I've spent 3 years hoping someone would step forward, willing to work to save our lives.

I continue to hope.

It's only hope that's kept me going thusfar.

Monday, July 2, 2018

The Last Unicorn

Few of life's mysteries can be contemplated without ending up in some sort of logic loop that both ends and leads with "The Last Unicorn."

If you haven't seen the film, it's little wonder you live each day questioning "What does it all mean?"

The rest of us - those learned folks who've seen the cartoon wherein Mia Farrow falls for prince Jeff Bridges and becomes the only unicorn in existence to understand the concept of regret, soundtrack by America - don't know the answer to "What does it all mean?" either, but at least we have a solid point of reference.

So today, as with most days, I found myself once again contemplating my failing health and the inadequacies of the modern health system, when - obviously not for the first time - a scene from "The Last Unicorn" played in my head and offered some insight.

In the film, most humans cannot see unicorns. Instead, where a unicorn stands, they only see a white mare.
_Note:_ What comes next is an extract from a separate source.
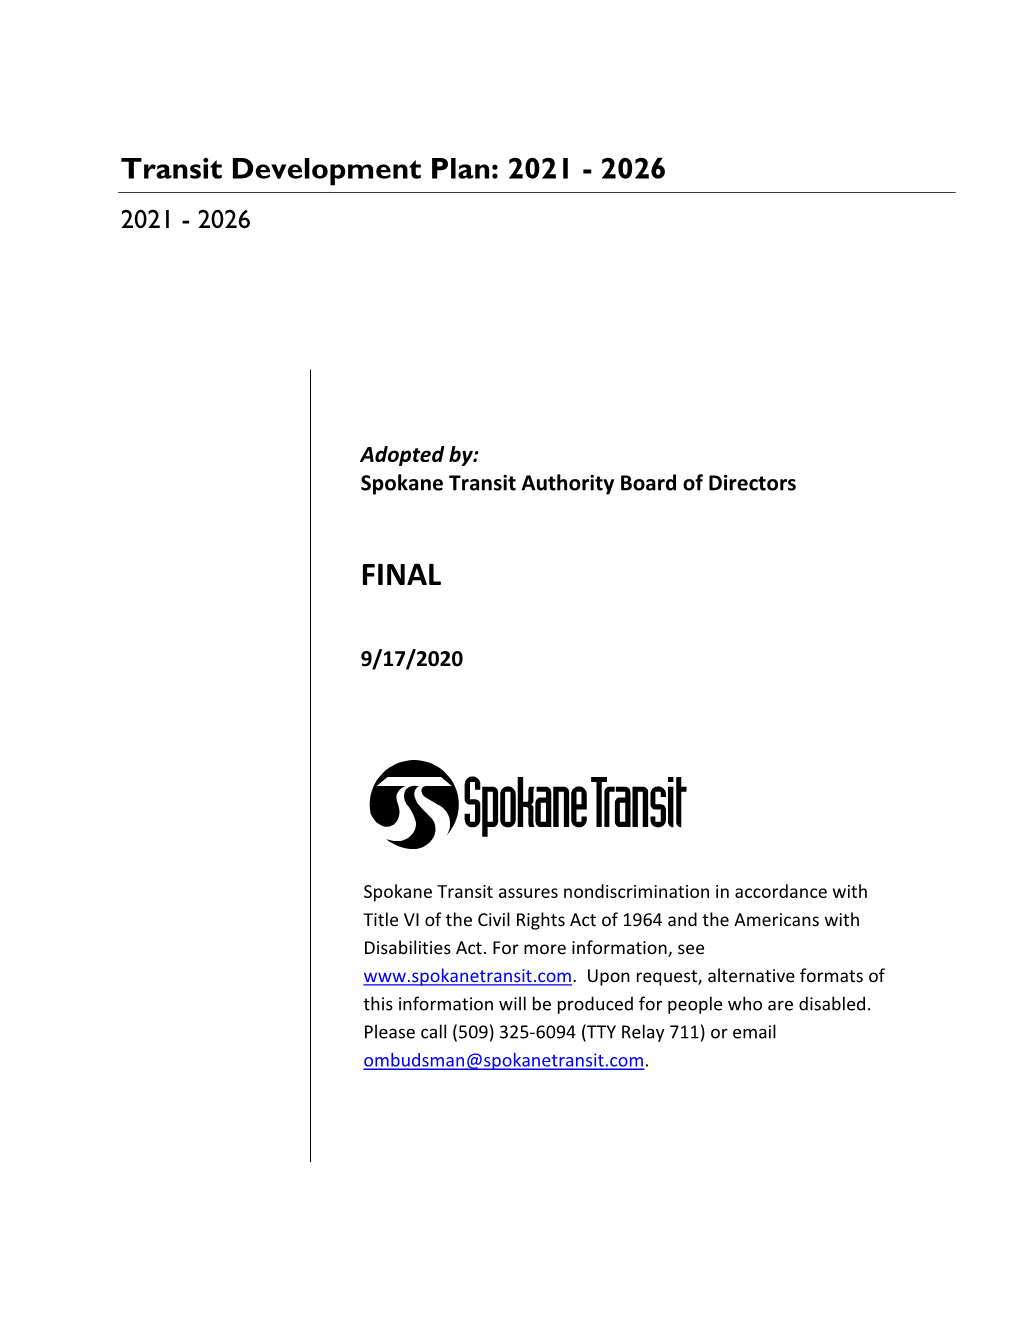 Transit Development Plan: 2021 - 2026 2021 - 2026
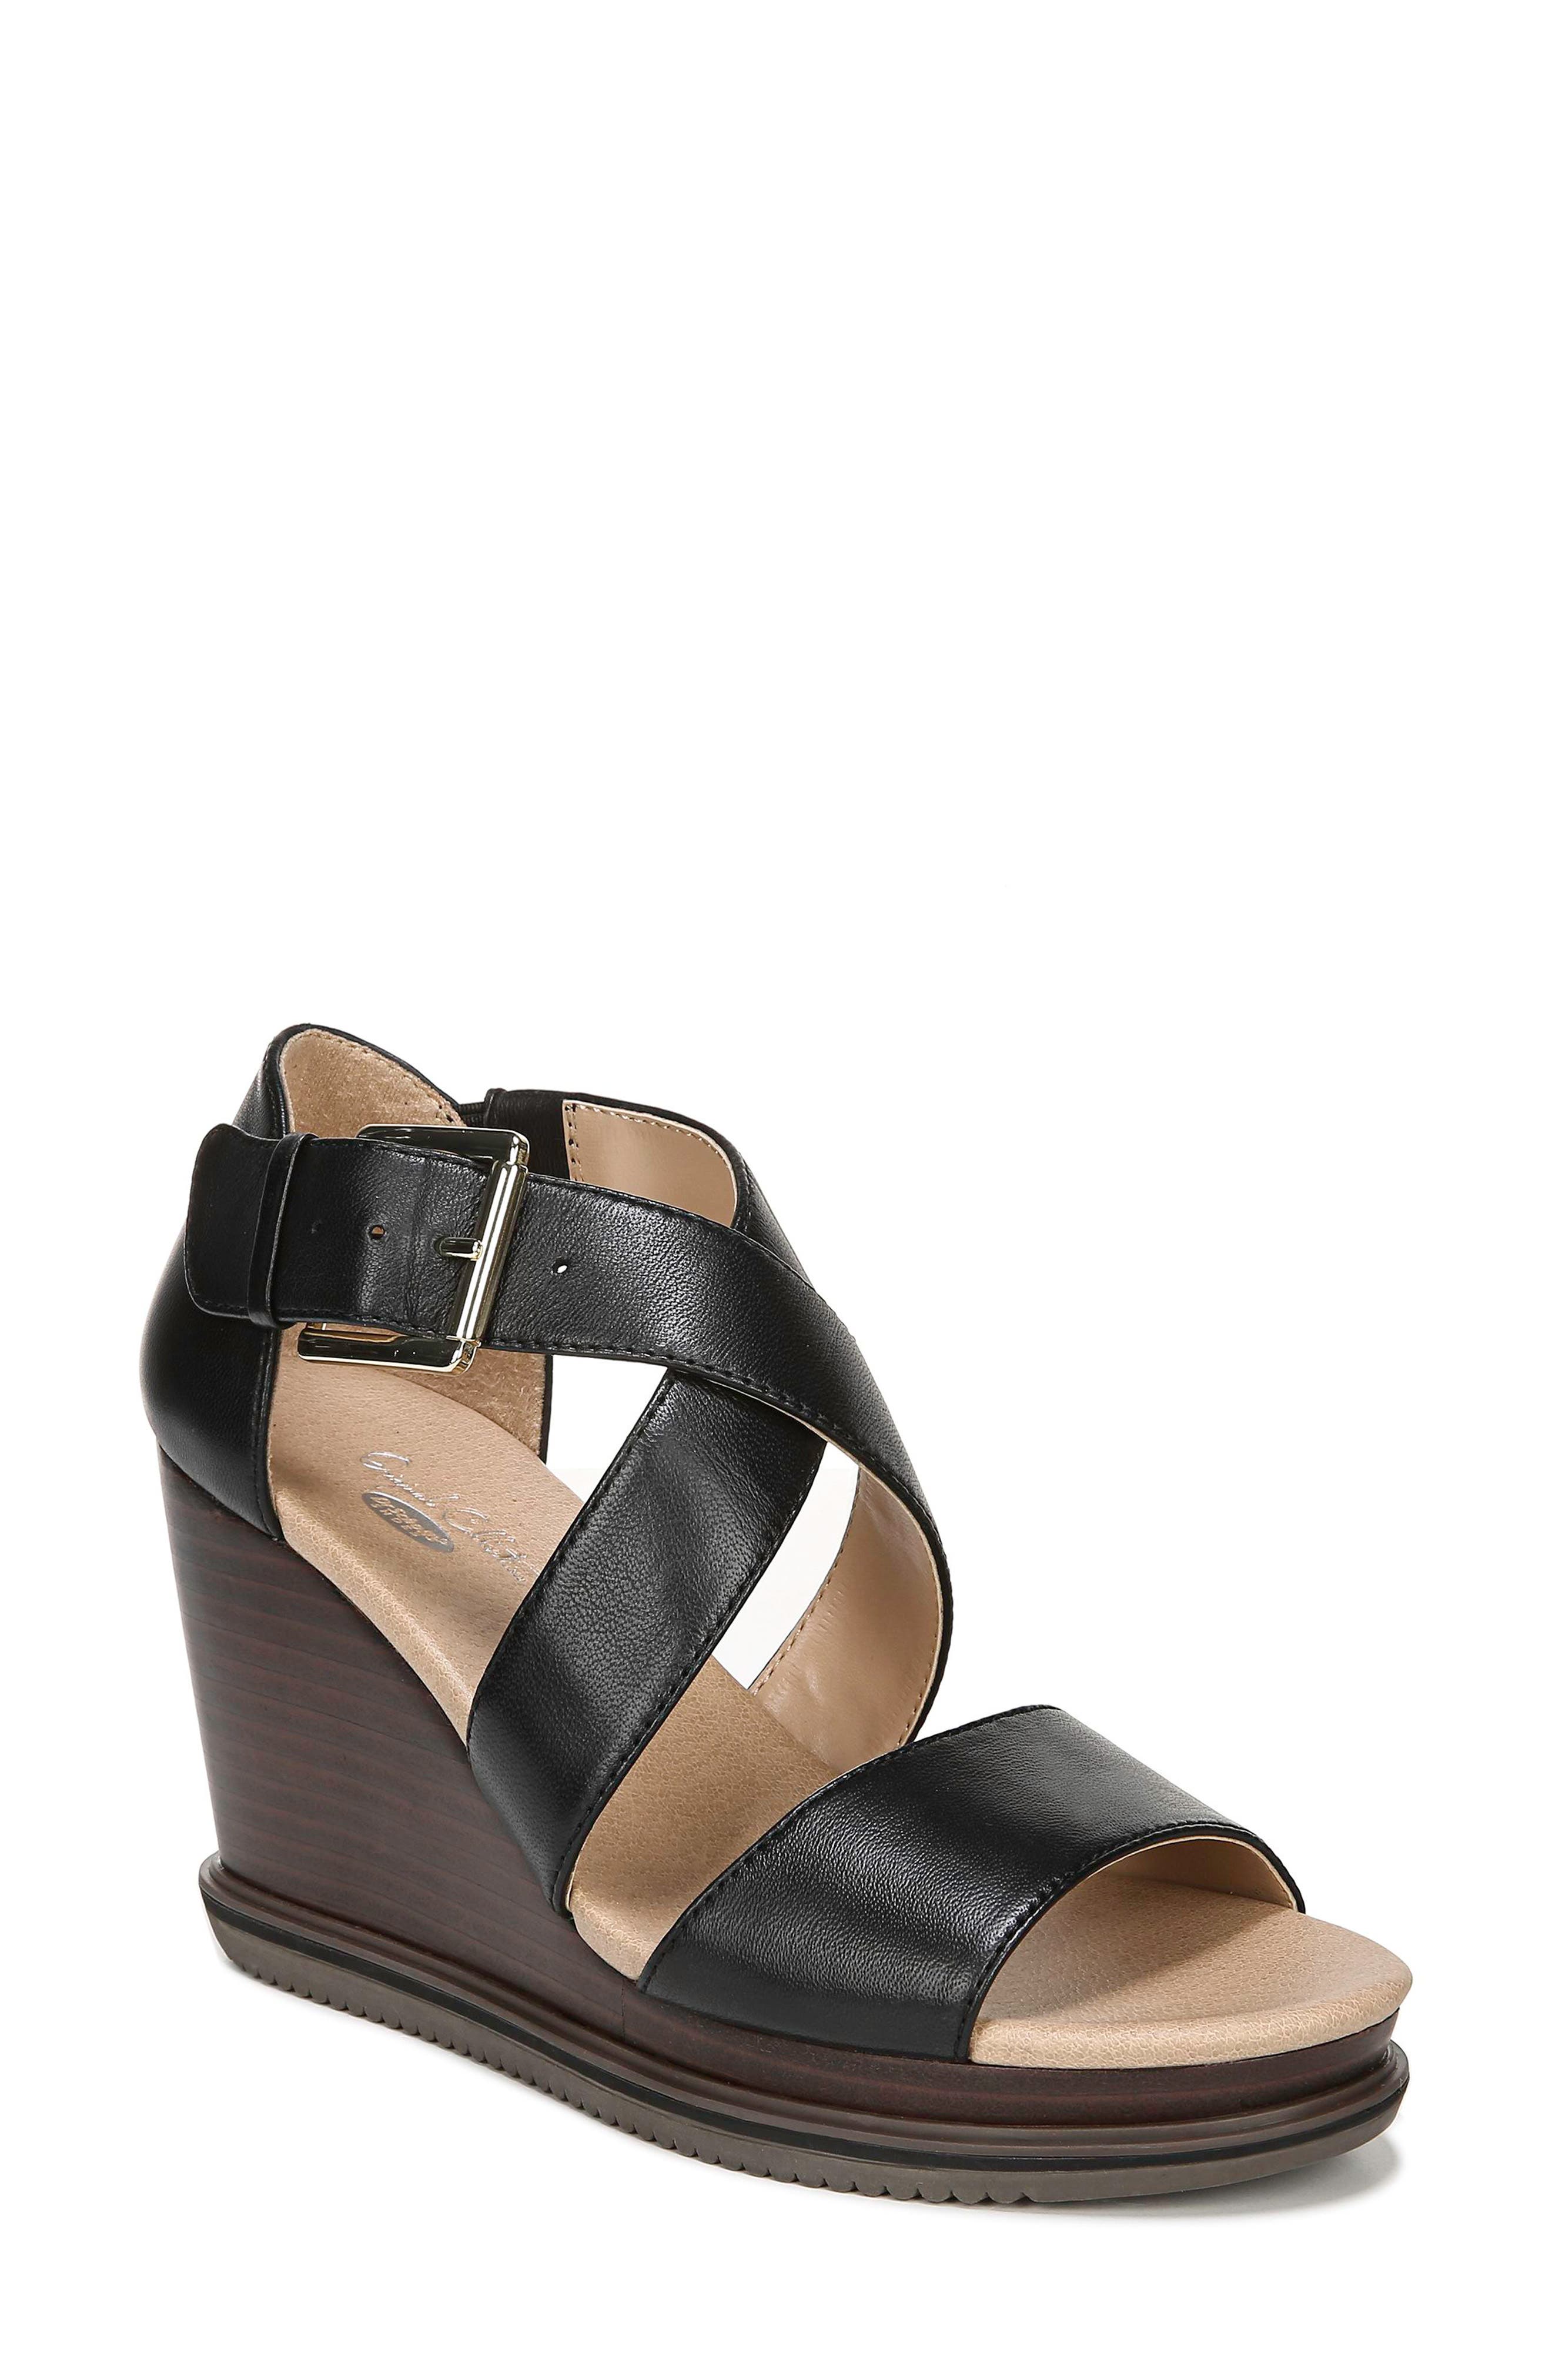 UPC 742976000058 product image for Women's Dr. Scholl's Sweet Escape Wedge Sandal, Size 6.5 M - Black | upcitemdb.com

Mommy Fortuna, a witch voiced by Angela Lansbury, can see unicorns, but, knowing that most folks can't, she sagely casts a spell giving the unicorn a faux horn for the plebs.

When Farrow questions the choice, Lansbury explains, "Do you think those fools knew you, without any help from me? Ha ha ha! No! I had to give you a horn they could see!"

While the implications of this - that most human beings cannot see the magic that surrounds them - are plain, to me, today, this scene speaks to my experiences with the healthcare system.

My symptoms are real, and frightening, and debilitating.

But often they are not measurable by standard medical testing.

Those that are routinely come back indicating that something is wrong, but those tests are repeatedly passed off by doctors as blips, anxiety reactions, idiopathic, or indicative of something that "should pass any day now."

But the abnormal results - the daily fevers, the variable blood pressure and heart rate, the elevated immunoglobulans that indicate my body is constantly fighting off an infection, the spreading small fibre neuropathy - they don't pass. Theyr'e constant.

And because no one can explain it, I'm dismissed or shuffled off onto another specialist.

Few offer help.

None offer hope.

Thus this scene in "The Last Unicorn."

Like Farrow, when doctors look at me and my illness, they see a white mare.

The signs are all there - signs that there's something different about this mare - signs that in the puzzle of life as we know it, this piece doesn't fit - but those signs are ignored.

"White mare, white mare, white mare," is all the doctors say and see.

And until a medical magician - a Mommy Fortuna with a parlor trick - comes upon me and slaps upon me a horn that other doctors can see, this white mare diagnosis will continue.

Like those in the decades before me who suffered invisible illnesses like Fibromyalgia, I will continue to be ignored until the science catches up with the symptoms.

I just hope that I will live to see that day.

And, if I do live to see it, that it will not be too late to save me from this daily nightmare.